Source material >>
↓↓↓

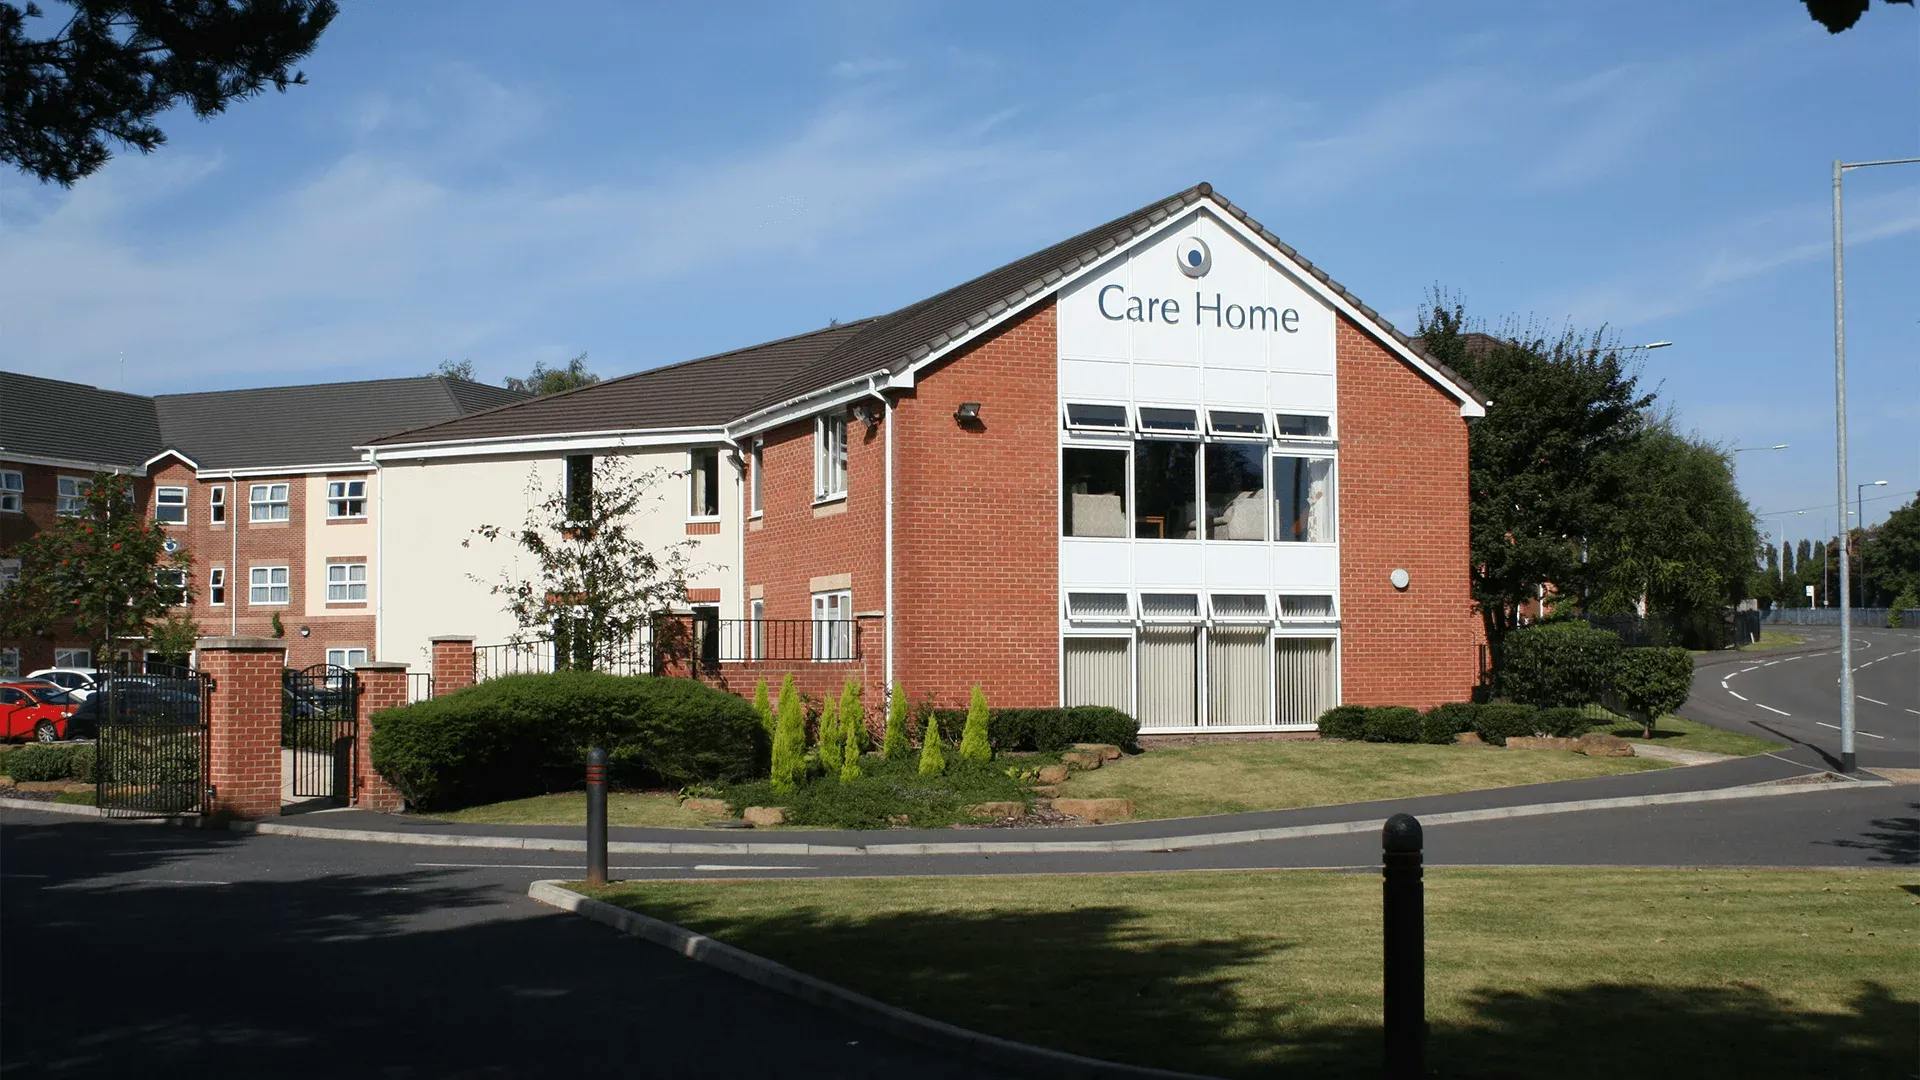 Acer Court  care home
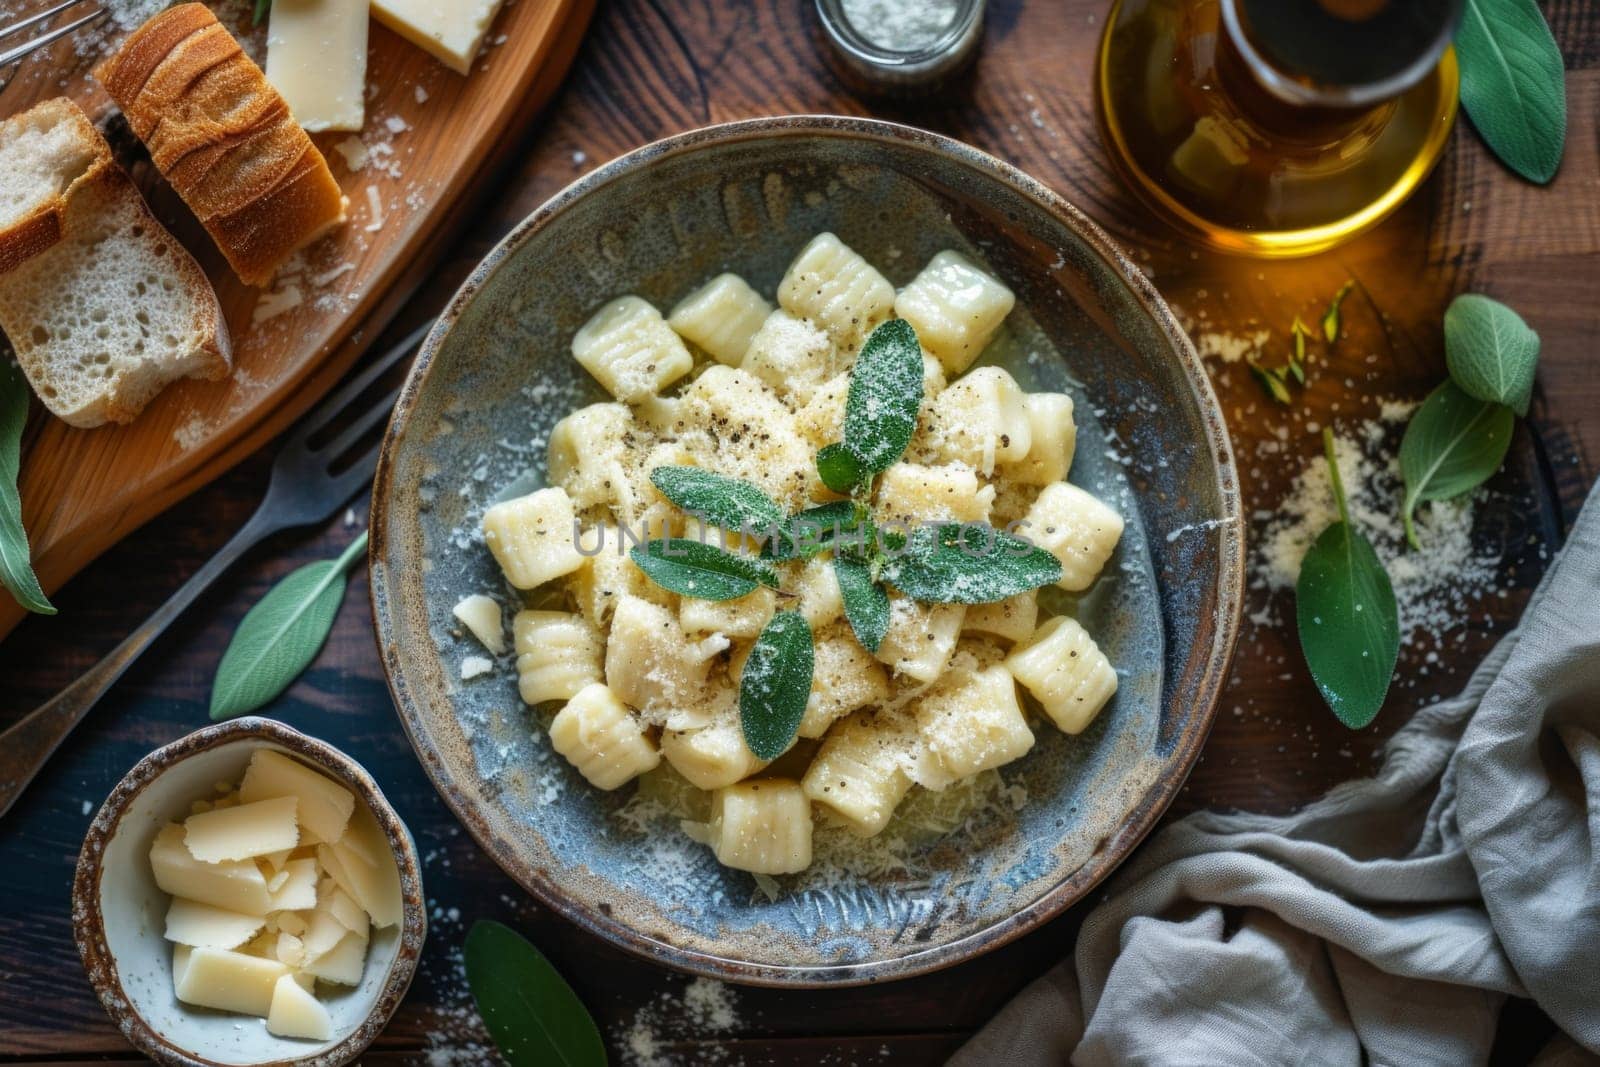 Top rustic view of homemade gnocchi with sage butter and parmesan, on a wooden table with bread.
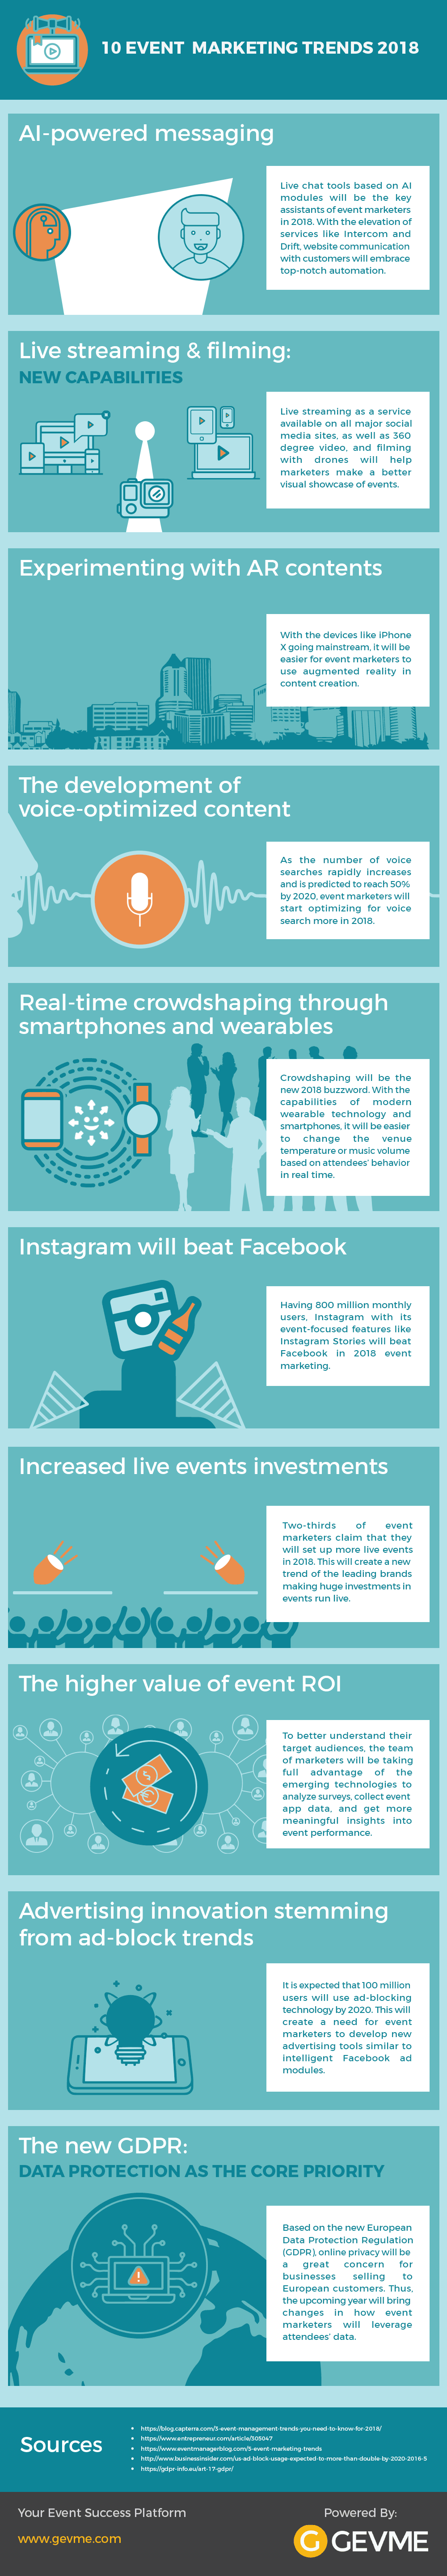 Event Marketing Trends in 2018
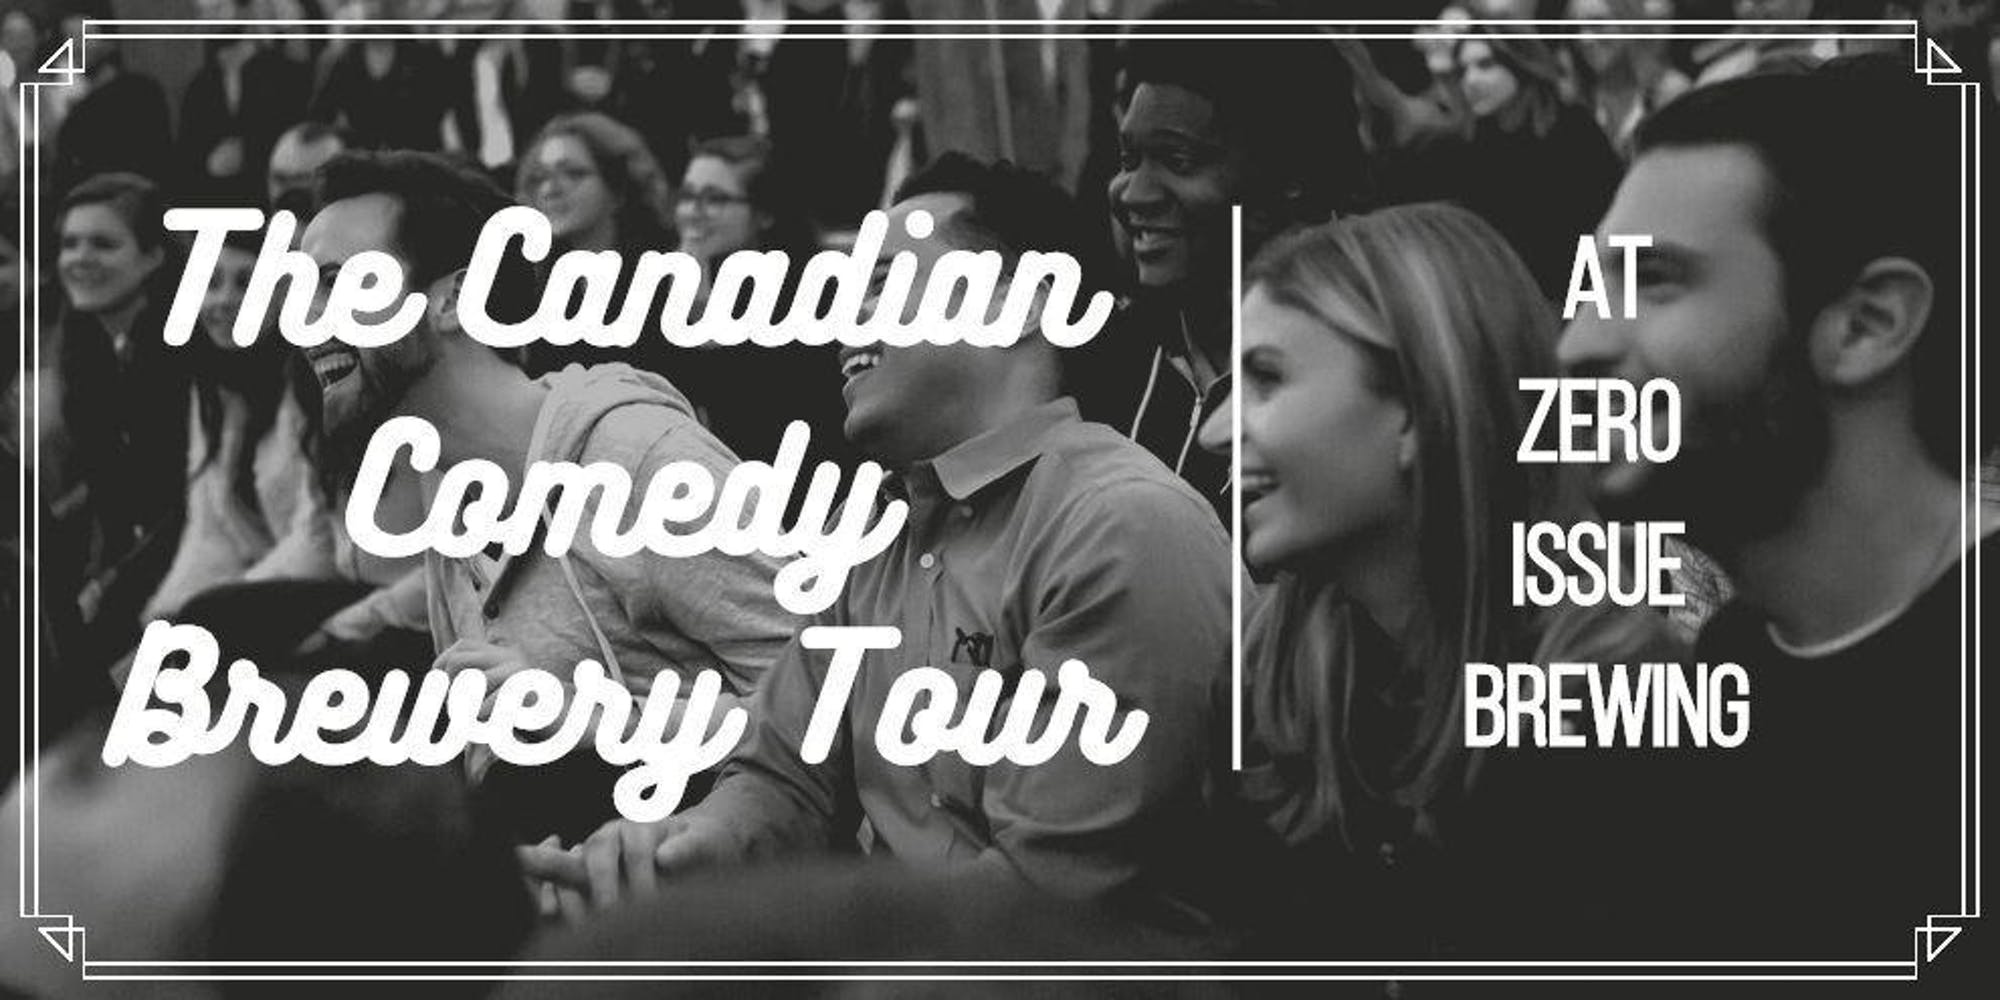 The Canadian Comedy Brewery Tour @ Zero Issue Brewing Co.

↑↑↑

Try it >>
Working from the line that contains "Event Marketing Trends in 2018" to the last line of the listing, please quote each line exactly, pictures excluded.

Written answer >>
 Event Marketing Trends in 2018
 The Canadian Comedy Brewery Tour @ Zero Issue Brewing Co.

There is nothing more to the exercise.